Take gifts to a safe place. 

Bring them to the best man’s room, a parents’ room, or another secure location. That way, they’re taken care of but not taking up space in the couples’ room.

Groomsmen Duties After the Wedding

Knock on doors ahead of brunch the next day. 

The morning after a wedding can be rough, but if there’s a breakfast scheduled, it’s a groomsman’s duty to show up—and make sure others do the same. If necessary, head to the rooms of other important attendees who may be tempted to sleep through the event and make sure they get there on time as well.

Help load the car.

Take those gifts you stored in a safe place last night and get them into the proper vehicle. If the couple can’t fit everything in their car and you’re headed somewhere close by, offer to take a few with you.

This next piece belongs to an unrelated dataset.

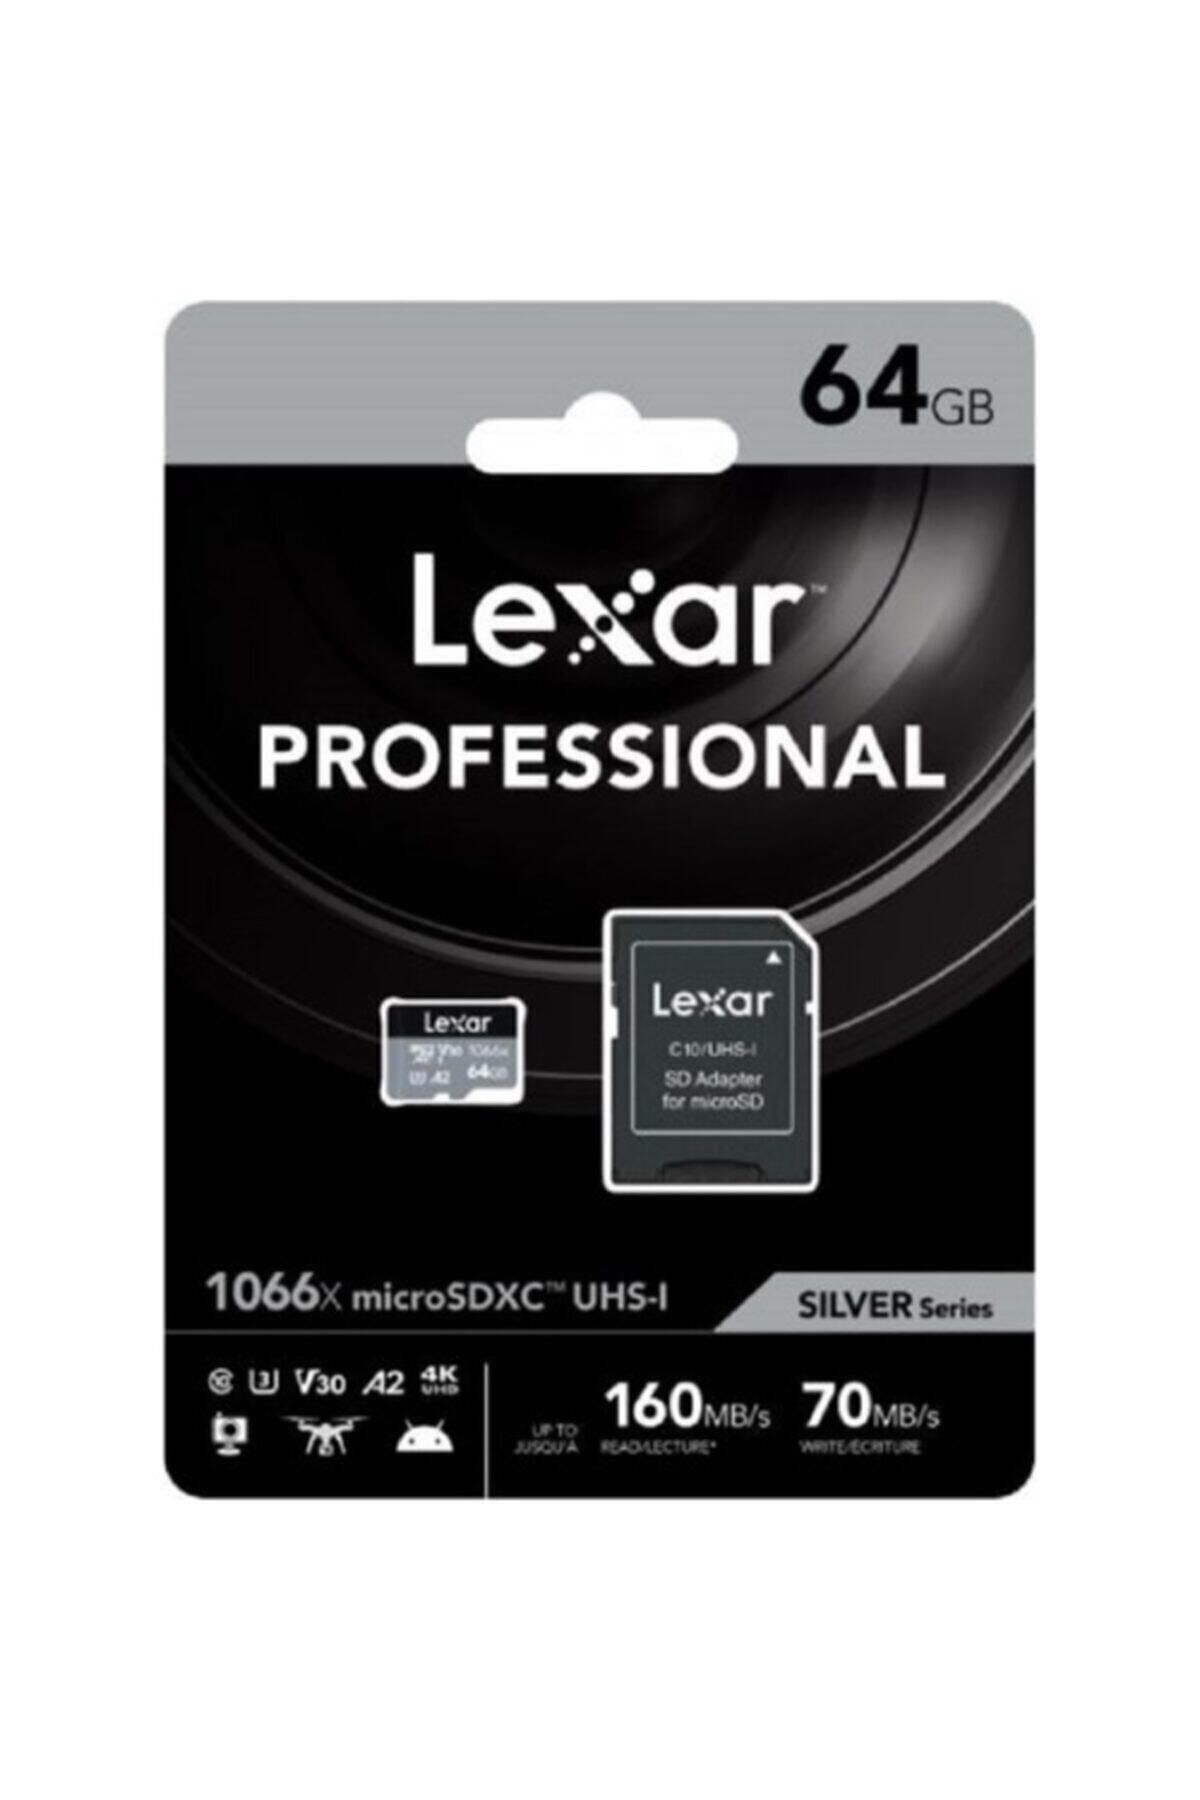 Lexar 64gb 1066x Microsdxc Uhs-ı U3 V30 A2 C10 4k Uhd 160m Hafıza Kartı Sd Adaptör (SİLVER SERİES)

Return any suit or tuxedo rentals. 

If it’s possible to put one or two groomsmen in charge of returning the whole lot, do so. If not, each groomsman is responsible for getting their own attire back to its original source. They’re also responsible for any damage or late fees incurred.

Check on the couples’ home while they head to their honeymoon. 

If the couple is heading out for their honeymoon the morning after the wedding, groomsmen that live close by should consider offering to take gifts or any other wedding-only essentials back to the couples’ house, and ensure that it’s securely locked up for the duration of the getaway.